- At Tuesday’s meeting, the council unanimously passed a resolution lowering City Engineer Rich Miller’s salary and hours. Previously, he worked a 40 hour week with a salary of $86,595 with benefits. His new salary will be $52,500 with benefits and will work a 28 hour work week.
- Robert von Hasseln was re-appointed as city historian. Previously, von Hasseln had also served as the city’s community and economic director and therefore did not receive any additional compensation for his position as historian. As von Hasseln was not re-appointed to the CEDD position when Mayor Michael Villa took office in January, the council voted to restore the $5,000 per year stipend for the historian’s position.
- New members of the Amsterdam Land Bank Advisory committee were approved. The council passed a resolution appointing Calvin Cline, Assessor, Erin Covey, Robert DiCaprio, Tom McQuade,Code Enforcement Officer, Mike Sampone, Michael Villa, Mayor, Robert von Hasseln, Historian, and Michael Whitty, Fire Chief.
- Joe Emanuele, former mayor of Amsterdam, was appointed to the Amsterdam Industrial Development Agency, to replace current member David Nyles Nelson.
- The council unanimously approved a resolution to hire the Wladis Law Firm for legal advice in regards to interviewing for and hiring an accounting firm to help the controller’s office. The resolution authorizes up to $10,000 to be paid to the firm.
- According to Controller Matt Agresta, the city may have to pay approximately $60,000 in fees to Montgomery County in order to process the transfer of ownership of foreclosed properties to the city. At the meeting, Agresta said he is looking into whether those fees could be waived. However, the council authorized the transfer of $60,000 in contingency funds to cover the fees if needed.

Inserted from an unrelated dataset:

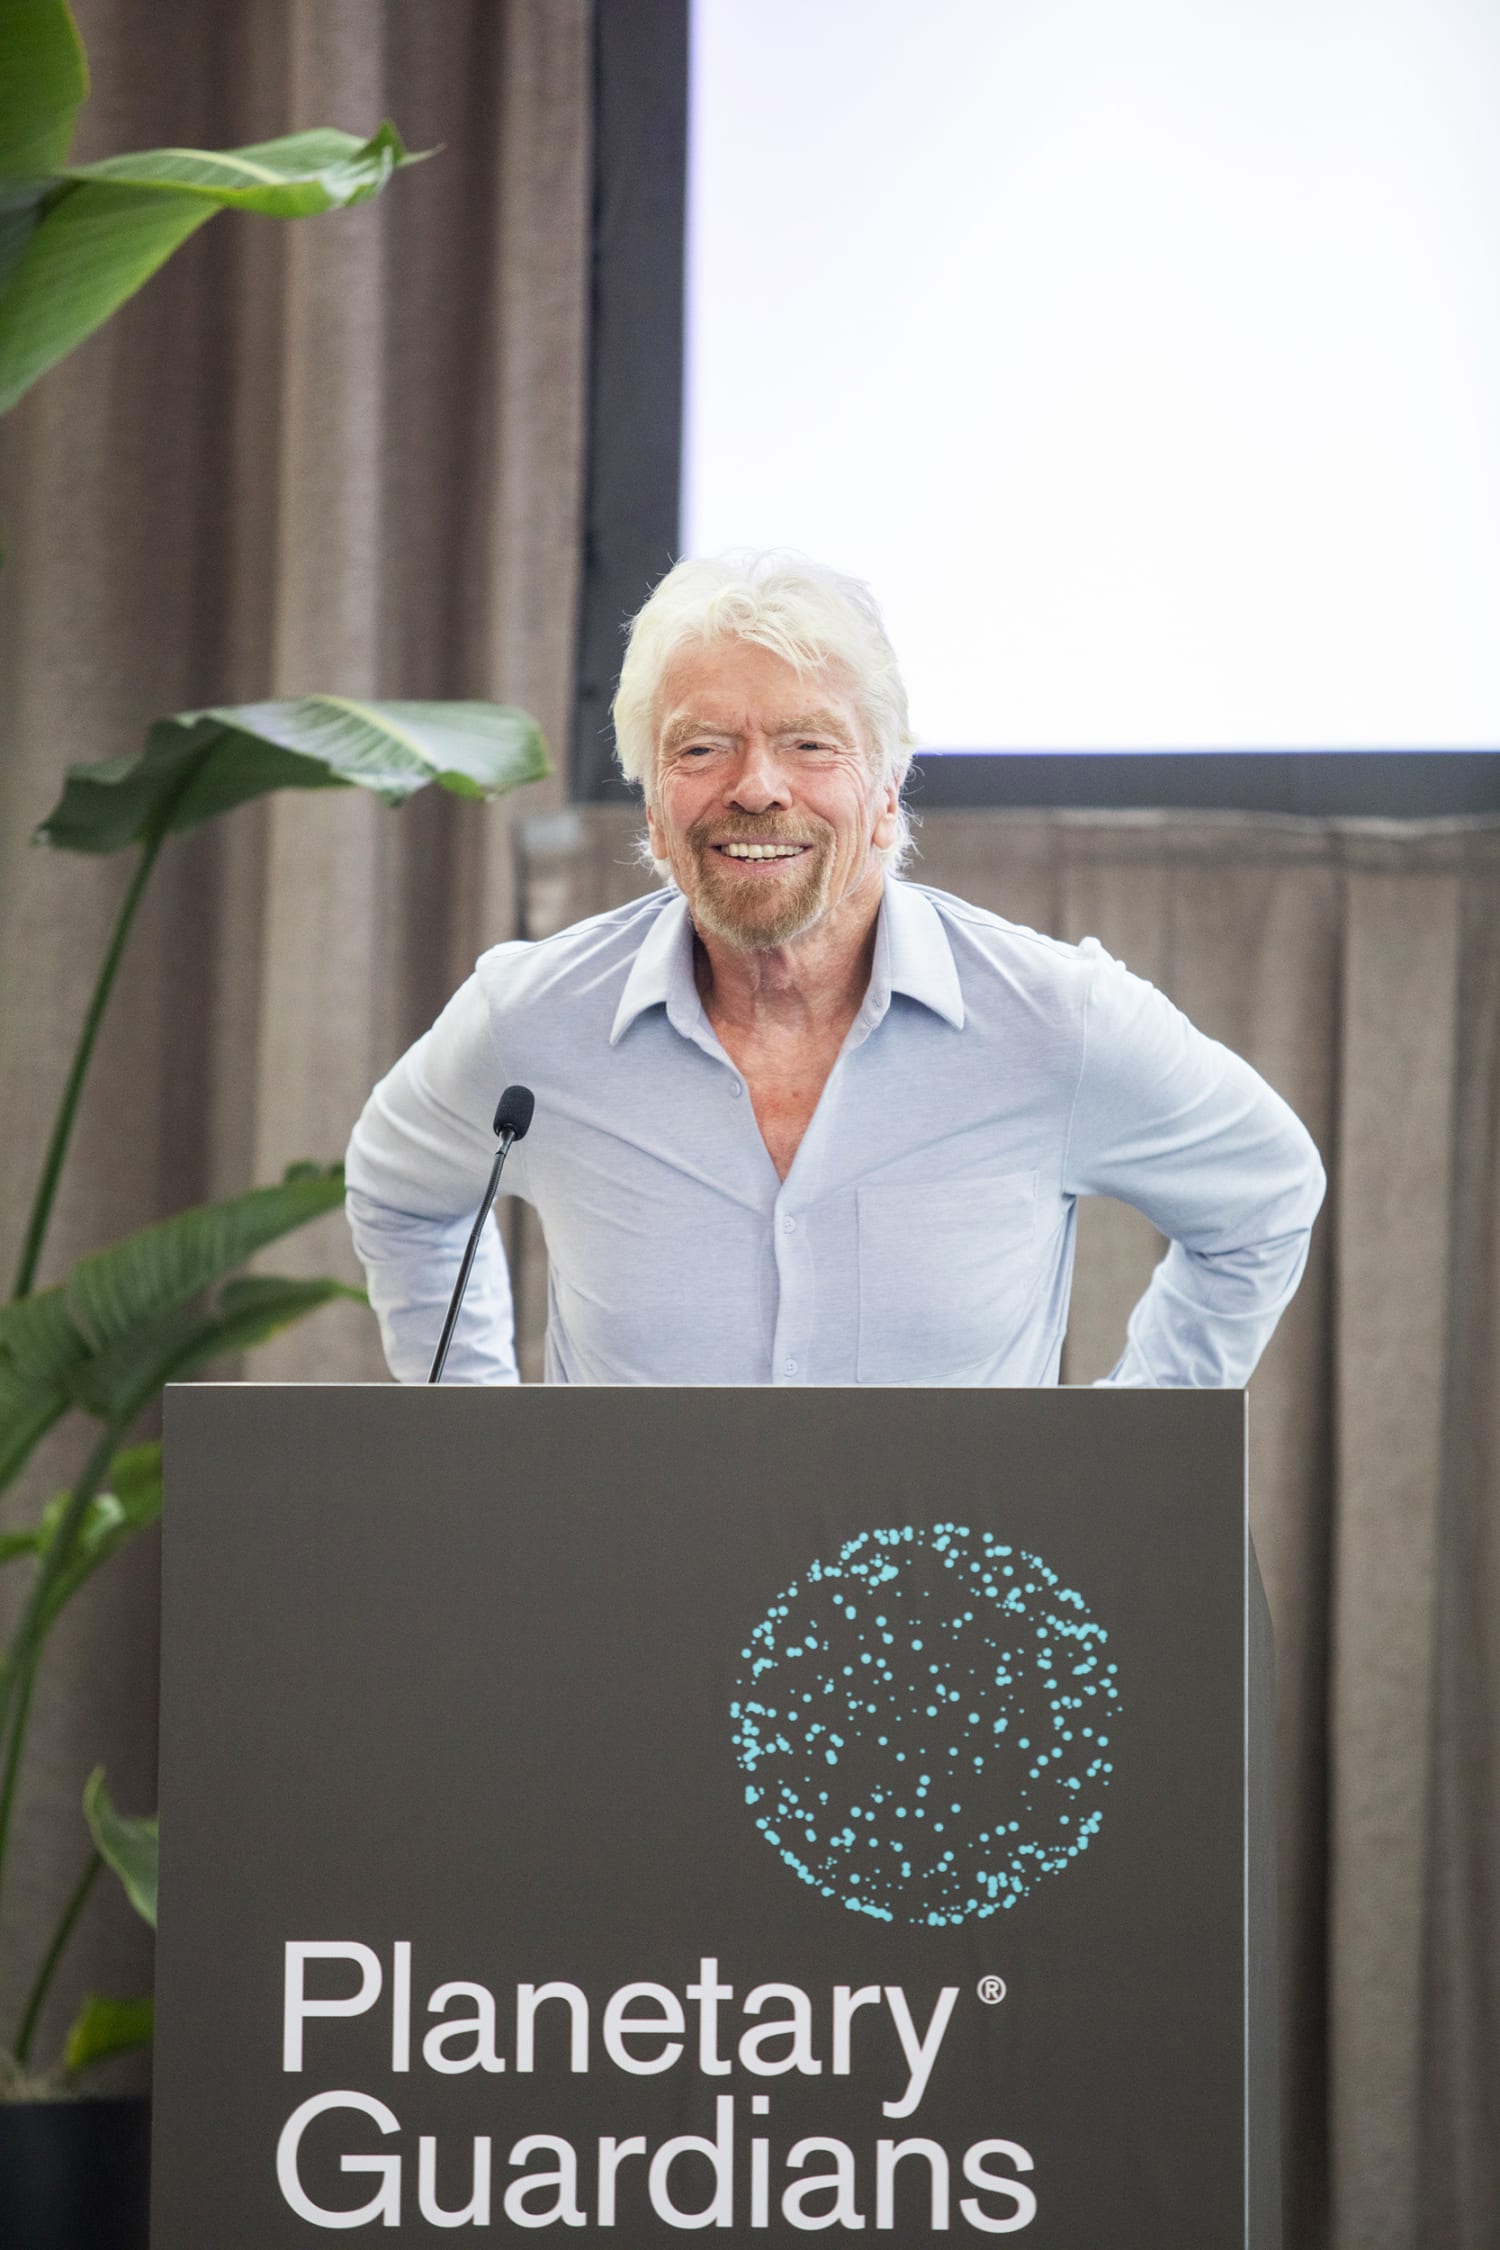 Richard Branson becomes an Ambassador for the UNITED24 fundraising platform
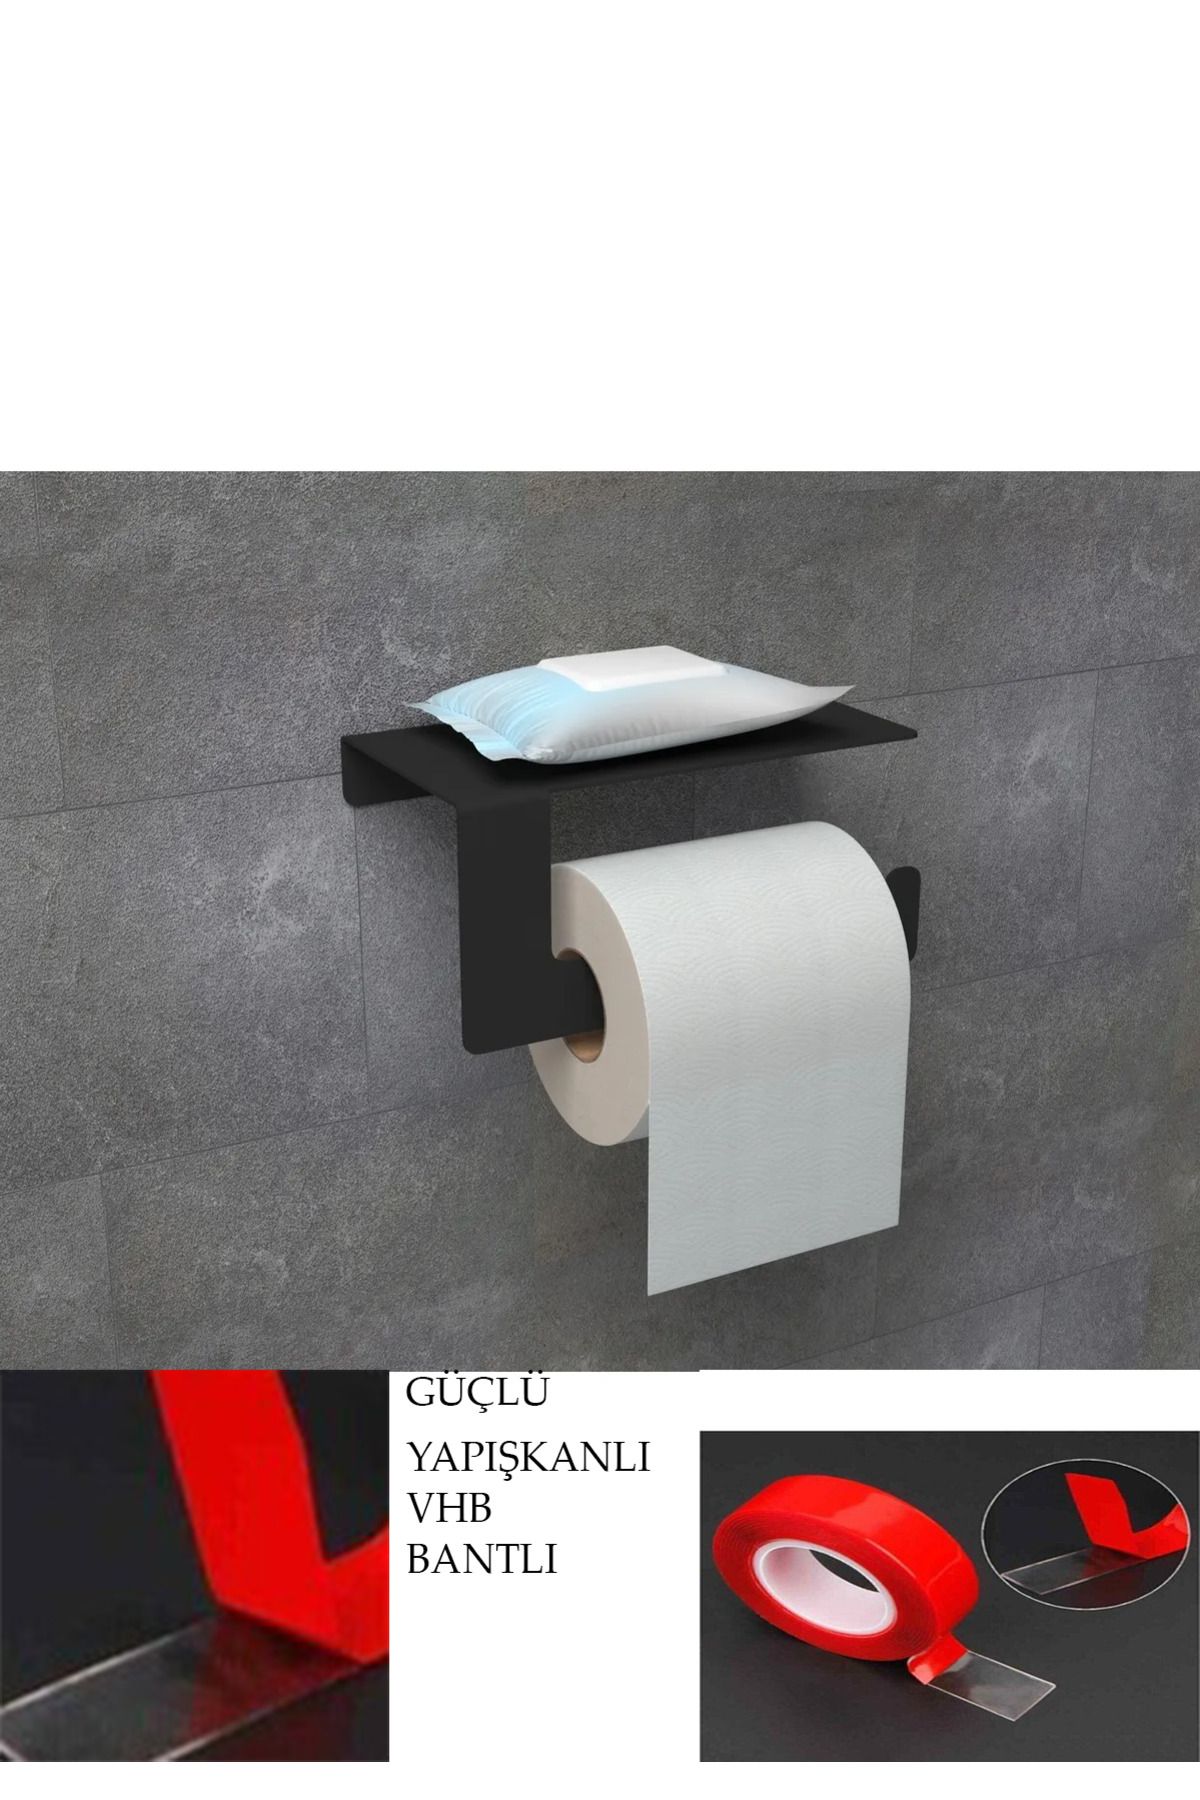 kraker Güçlü Vhb Bant Yapışkanlı Metal Mat Siyah Telefon Raflı Tuvalet Kağıtlık

- Urban Renewal Agency Director Nick Zabawsky said at the meeting that he is pursuing $5 million in funding to comply with an order from NY State Department of Environmental Conservation to make improvements to the city’s sewer system. Some of the proposed work includes upgrades to three pump stations and replacement of old piping. Zabawsky said that he hopes to secure a $1.2 million grant toward the total amount. He also said the city qualifies for additional zero-interest bonding. The council approved a resolution accepting lead agency status for the city under the State Environmental Quality Review Act (SEQR), a necessary step in the funding approval process.